Foer’s piece links to the registration record for the trump-email.com domain, which the server hosted. It names the Trump Organization as the registrant, but a different company -- Cendyn, of Boca Raton, Florida -- as the domain’s administrator. This means Trump owned, but didn’t run, trump-email.com; Cendyn did. Cendyn is a company that promotes hotels. As Rob Graham, a well-known hacker specializing in "offensive security," noted on the blog of his company, Errata Security, Cendyn had a number of similar domains for other clients in the same internet address range. The Cendyn servers send promotional e-mails, otherwise known as spam. Foer’s story mentioned that another organization that interacted with trump-email.com, Michigan-based Spectrum Health, investigated the matter and found "a small number of incoming spam marketing e-mails" about Trump hotels that had originated from Cendyn.
So if the Trump server was sending out bulk e-mails, why were Alfa Bank and Spectrum Health sending something in response? Naadir Jeewa, a London-based IT consultant, has a credible explanation: Alfa Bank’s corporate e-mail servers were set up to check if the servers that sent mail were what they pretended to be. Such measures are meant to cut off spammers masquerading as legitimate organizations. To determine legitimacy, the domain name in the sender’s address needs to match the server address -- a set of numbers separated by periods -- recorded for that domain. Otherwise the system will reject the message. Jeewa tried to impersonate trump-email.com, but the Alfa Bank system refused his message.
Because of the way this validation procedure was set up at Alfa --suboptimally, in Jeewa’s opinion -- its servers showed up in the trump-email.com logs.
If this is what happened, it’s clear why Alfa was on the logs again after the server’s name changed (in line with other Cendyn client servers’ names). After it was renamed, it kept sending the bulk e-mails.
Another troubling aspect of the Foer article is that it’s doubtful the server logs could be legally obtained. Alexey Gubarev, chief executive officer of Luxembourg-registered XBT Holding, which owns the infrastructure-as-a-service provider Servers.com, told me there was no legitimate way to get access to the full logs of a server that you do not control. That raises the question of whether the records obtained by Foer’s "Concerned Nerds" were complete.
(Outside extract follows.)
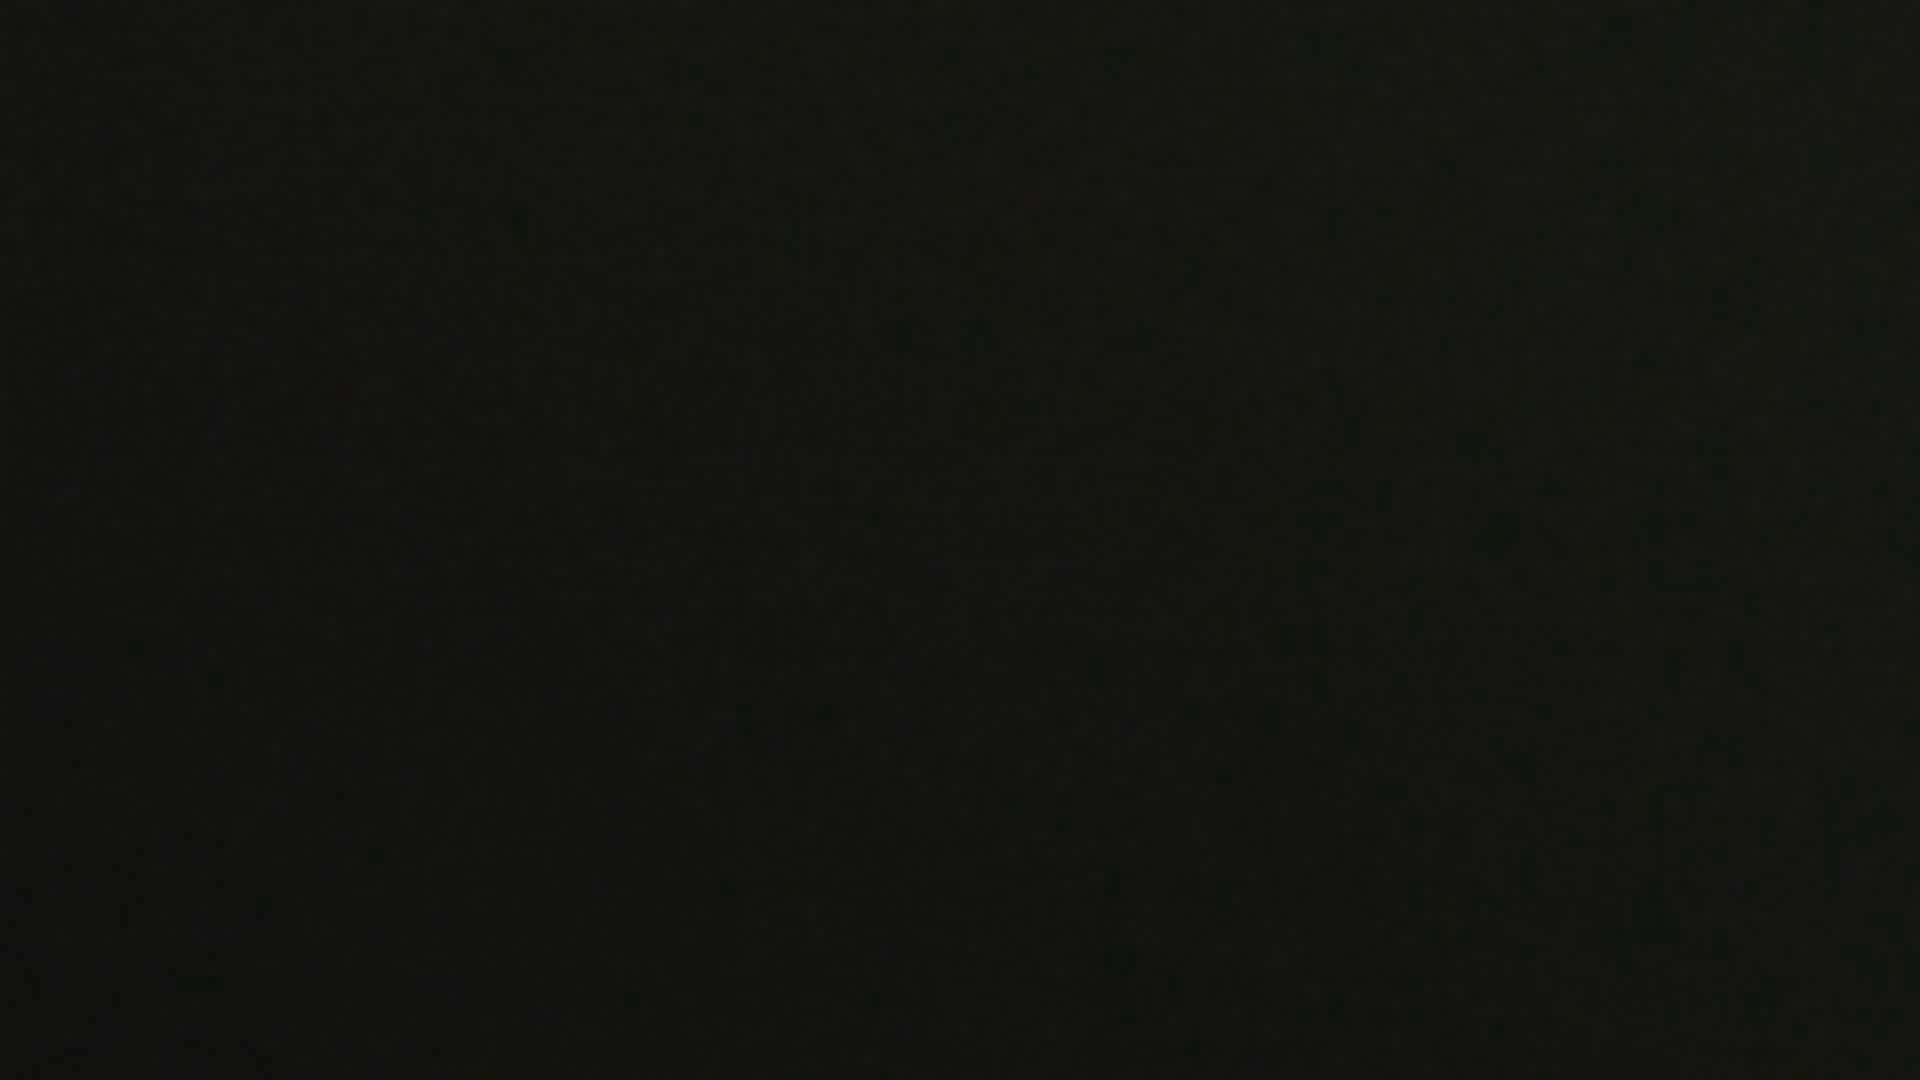 世界の射窓から ステーション編 vol.17厦大女厕偷拍 qianp 洗面所  87PIX 12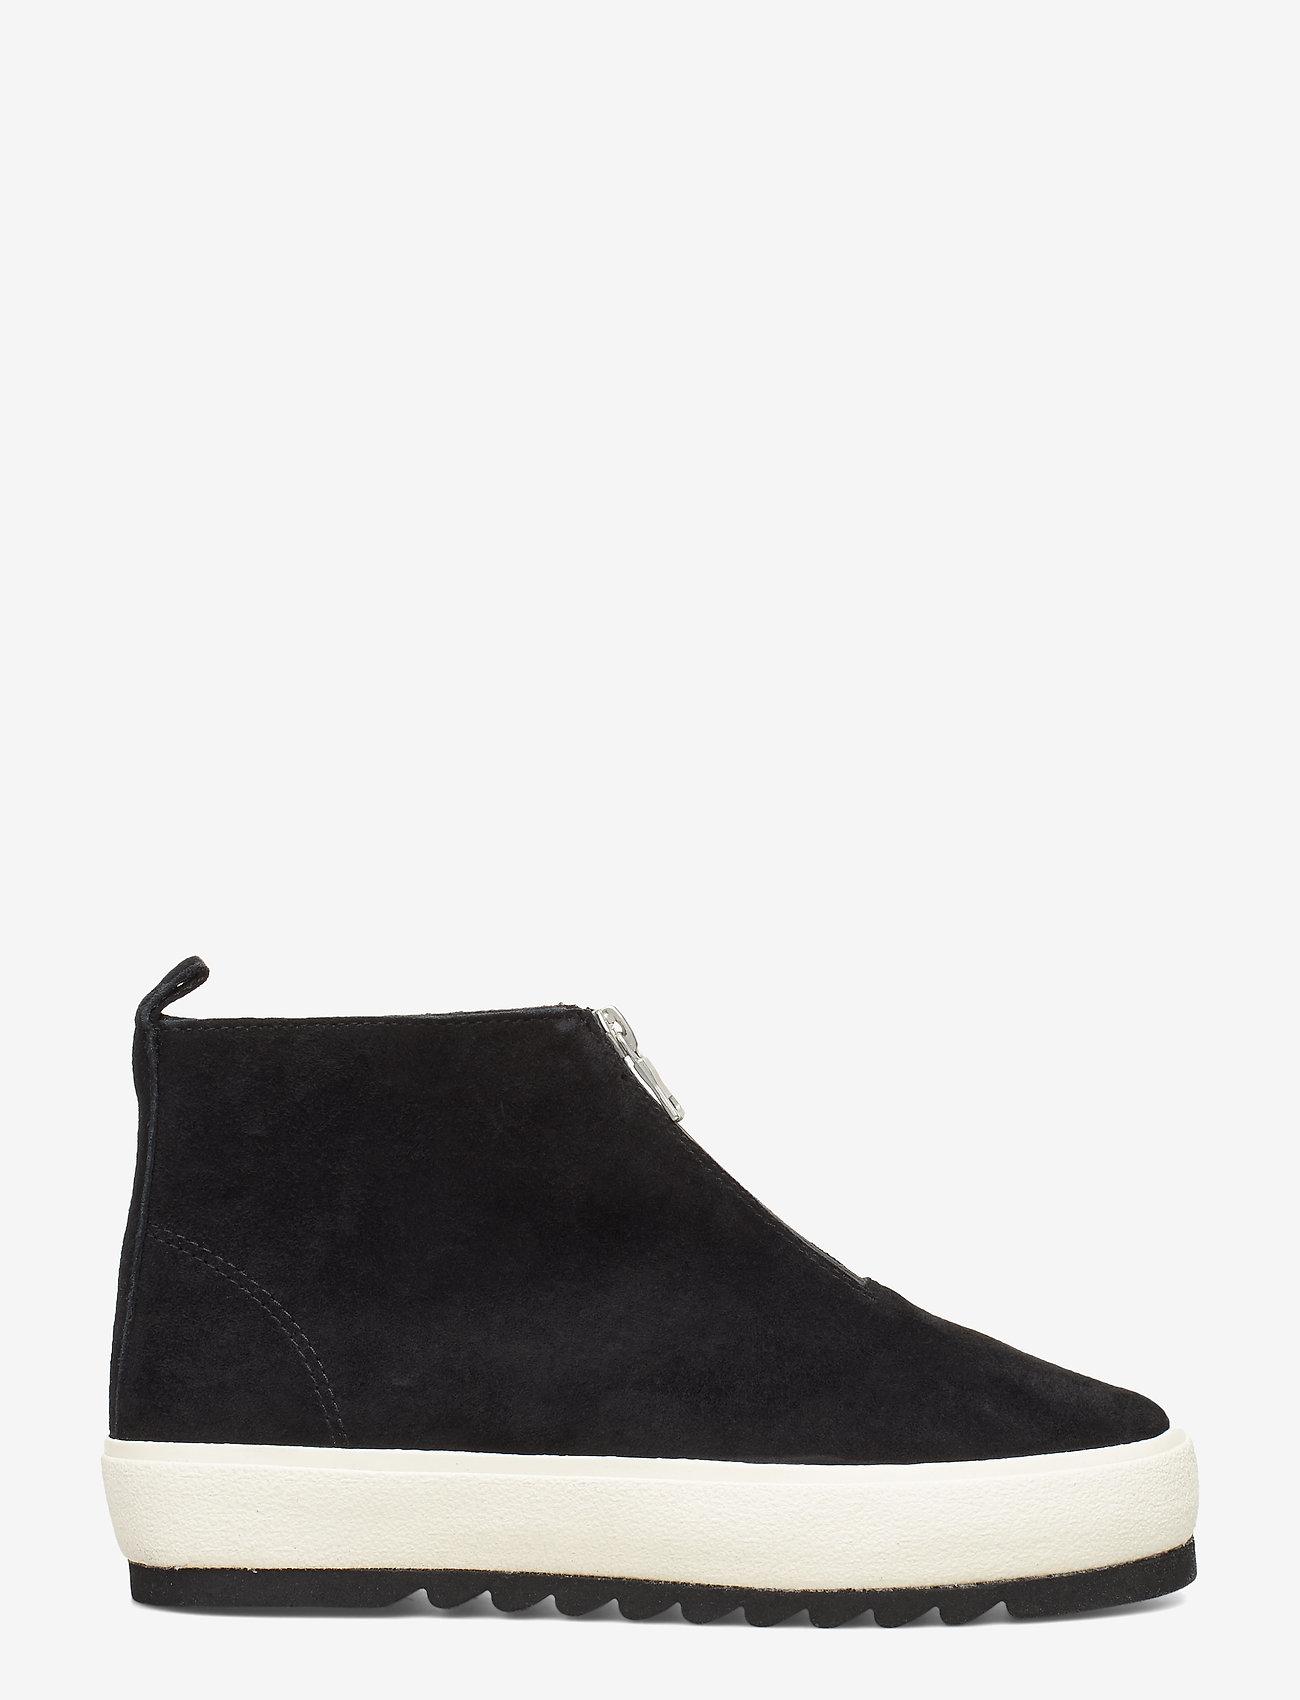 Carmel 24a (Black) (69.98 €) - Marc O'Polo Footwear FJpwTZvi

I asked Dyn, the New Hampshire-based infrastructure company that has access to such logs, if it could confirm that the Trump server only communicated with Alfa Bank and, less frequently, with Spectrum Health. Adam Coughlin, the company’s spokesman, declined to comment “given the political nature of the story.” Graham wrote on his blog, though, that other security researchers had told him they’d seen domain name lookups for the trump-email.com domain from other parts of the world.
It’s hard to imagine Trump would use a spam server run by a third-party company that provides the same service to competing hotel chains for secret communications with Putin’s agents. No matter how suspicious that traffic could look on the surface -- if you didn’t know what Cendyn was doing -- it’s probably just junk passing back and forth across the internet.
There is no evidence of a conspiracy. According to an article that appeared in The New York Times on Tuesday, FBI agents looked at the logs and didn’t see anything they could latch on to: An innocuous explanation involving marketing e-mails was entirely plausible.
Clinton is straining to link Trump to Putin when no solid link has been found after months of digging by reporters and federal agents.
Perhaps it’s time for her to desist. Unsubstantiated accusations detract from Clinton’s credibility and demonstrate bad judgment.
It may be convenient to put all villains in one basket of deplorables, but Putin and Trump belong in different ones.
This column does not necessarily reflect the opinion of the editorial board or Bloomberg LP and its owners.